I have an excel like below
A B C
x y
1 abc 3 5
2 abc 4 6
1 def 5 7
1 qrs 6 8
2 def 7 9
When I read this with pandas using the code df= pd.read_excel(r'C:\Users\mys2kor\Desktop\Mappe1.xlsx',engine='openpyxl',header=[0,1])
I get the dataframe like so
A B C
Unnamed: 0_level_1 Unnamed: 1_level_1 x y
1 abc 3 5
2 abc 4 6
1 def 5 7
1 qrs 6 8
2 def 7 9
I want to filter Column a for 1 and column B for 'def' & get just one row as output.
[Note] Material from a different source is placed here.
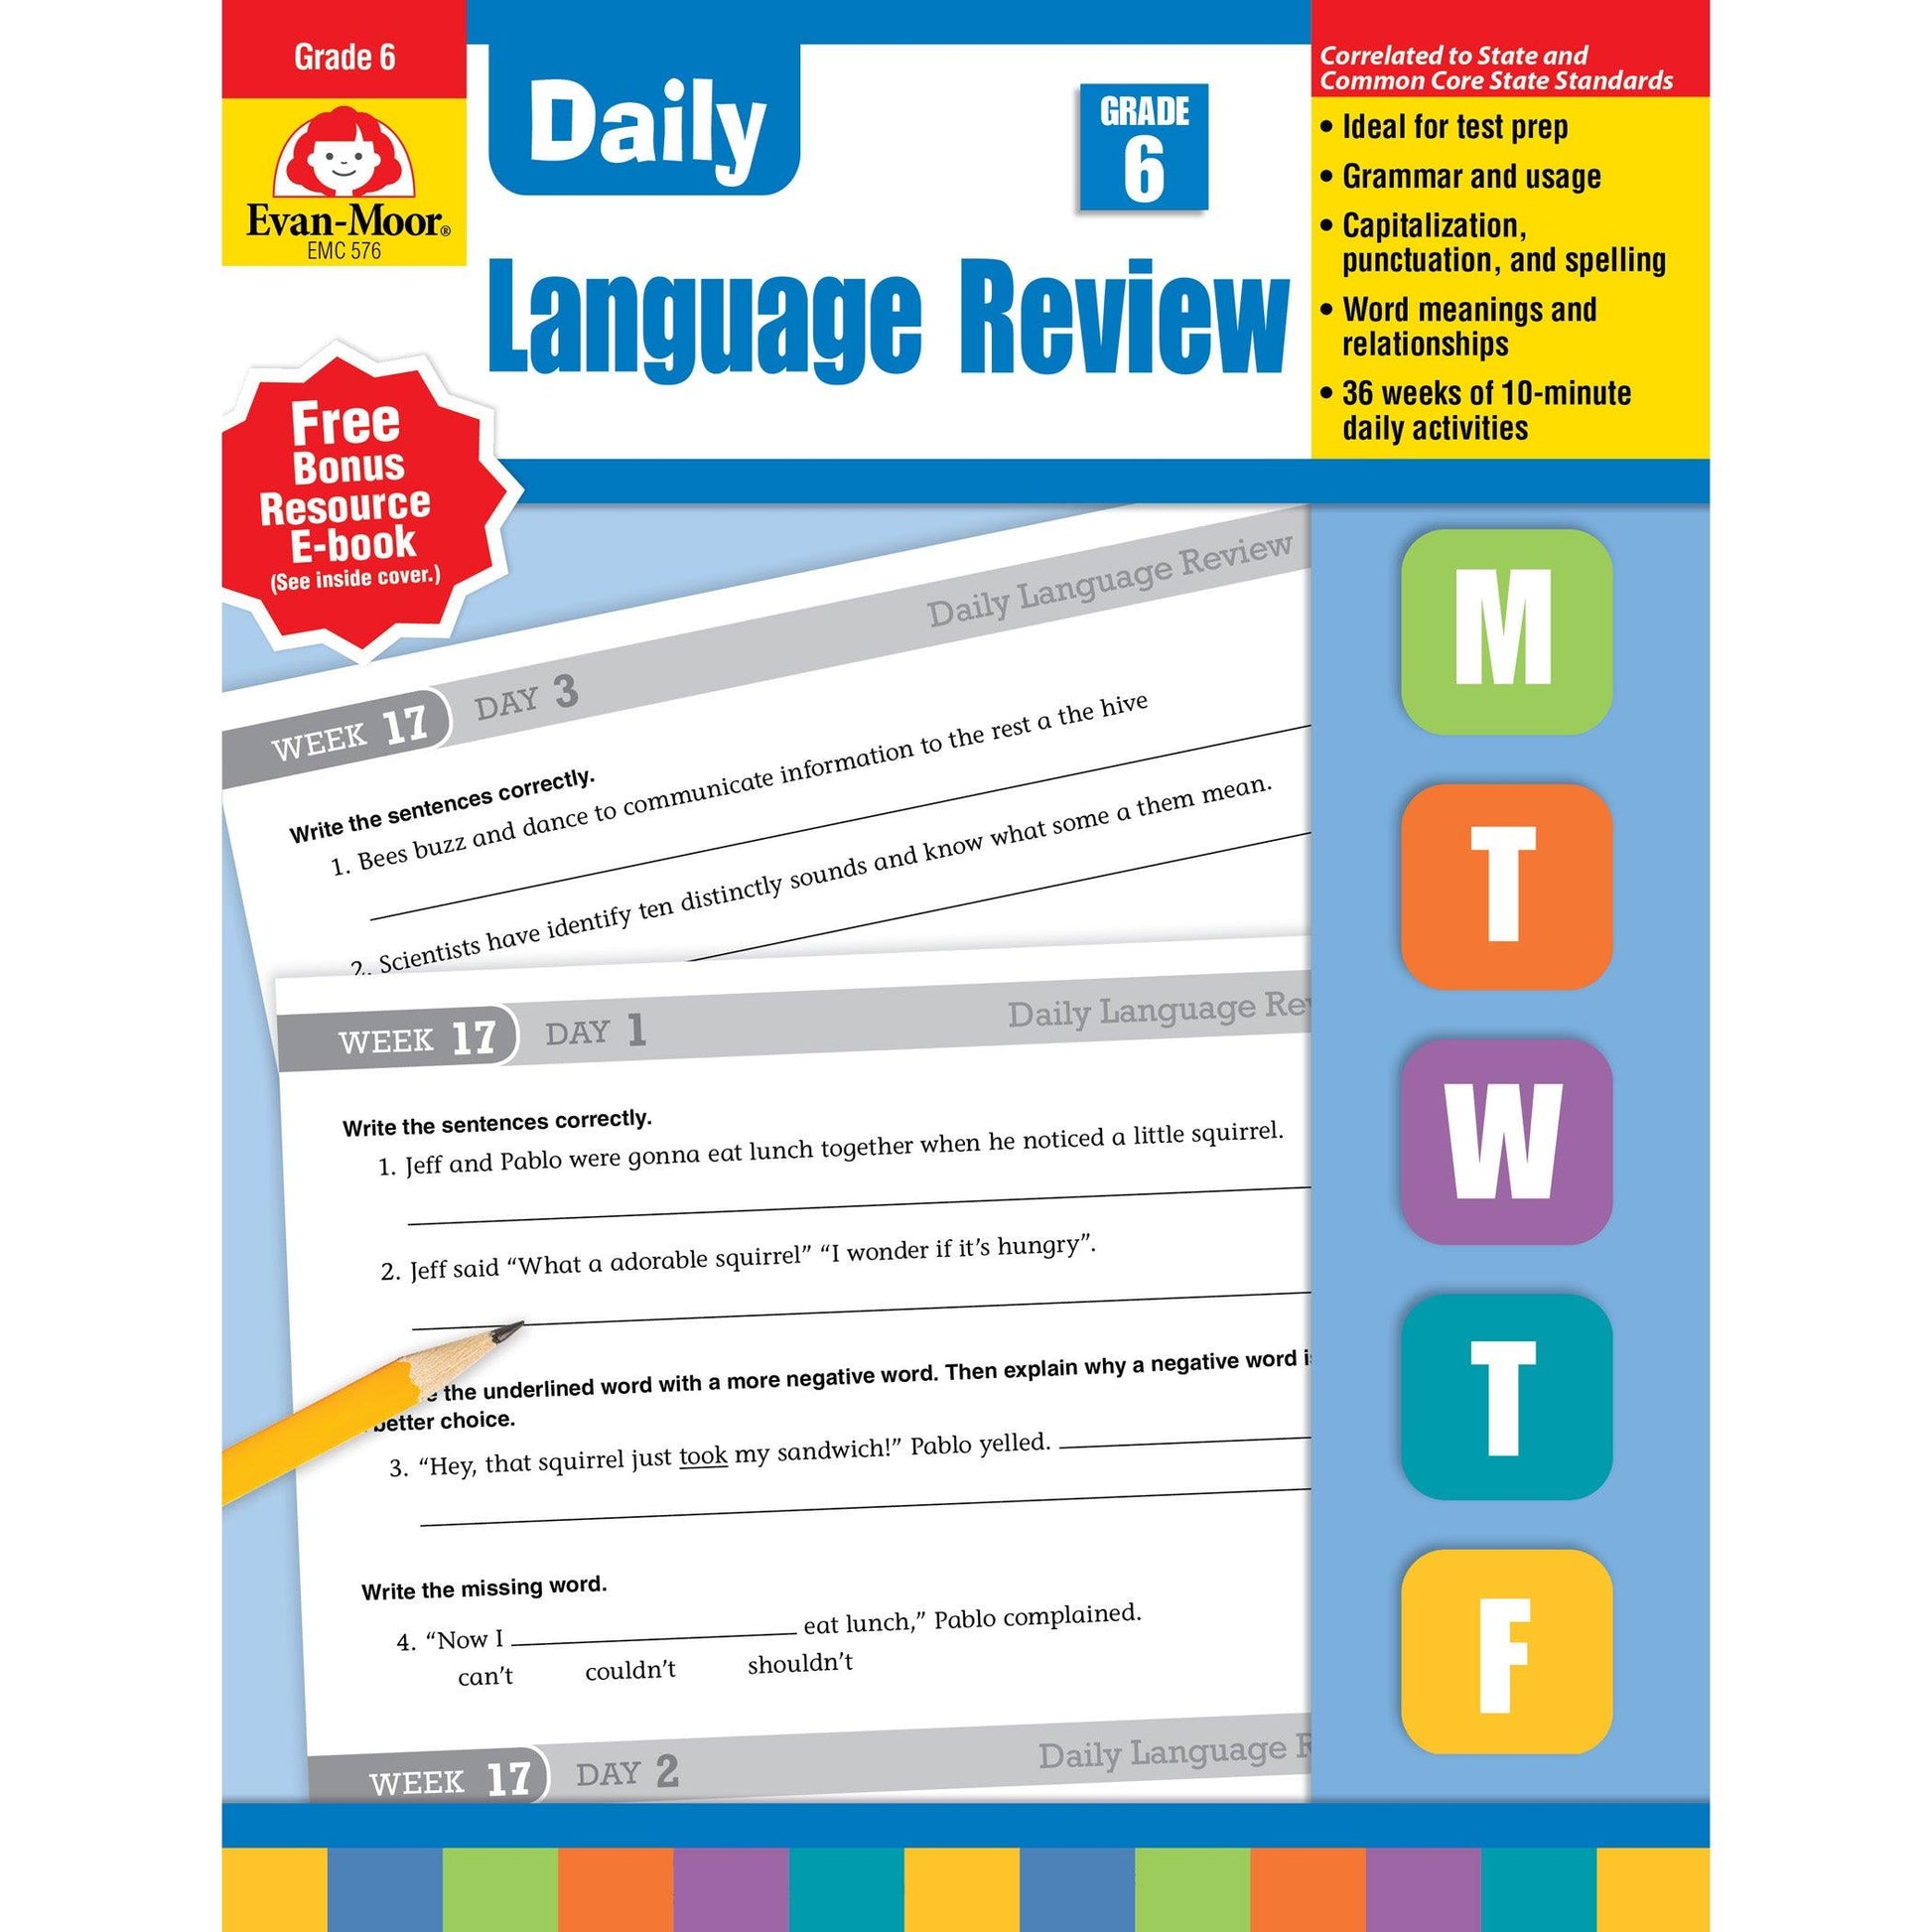 Daily Language Review Teacher's Edition, Grade 6 - Loomini

When I do df["A"].filter(like="Unnamed")==1
and df["B"].filter(like="Unnamed")=='def'
separately, I get the proper boolean values
Unnamed: 0_level_1
True
False
True
True
False
and
Unnamed: 1_level_1
False
False
True
False
True
But when I put them together like so (df["A"].filter(like="Unnamed")==1) & (df["B"].filter(like="Unnamed")=='def')
, I get like below!
Unnamed: 0_level_1 Unnamed: 1_level_1
False False
False False
False False
False False
False False
How do I filter such that the output is
A B C
x y
1 def 5 7
CodePudding user response:
It looks like you could use the columns A
and B
as index while reading the excel file, then use indexing with loc
to query the index values:
df = pd.read_excel('...', header=[0, 1], index_col=[0, 1])
df.loc[[(1, 'def')]]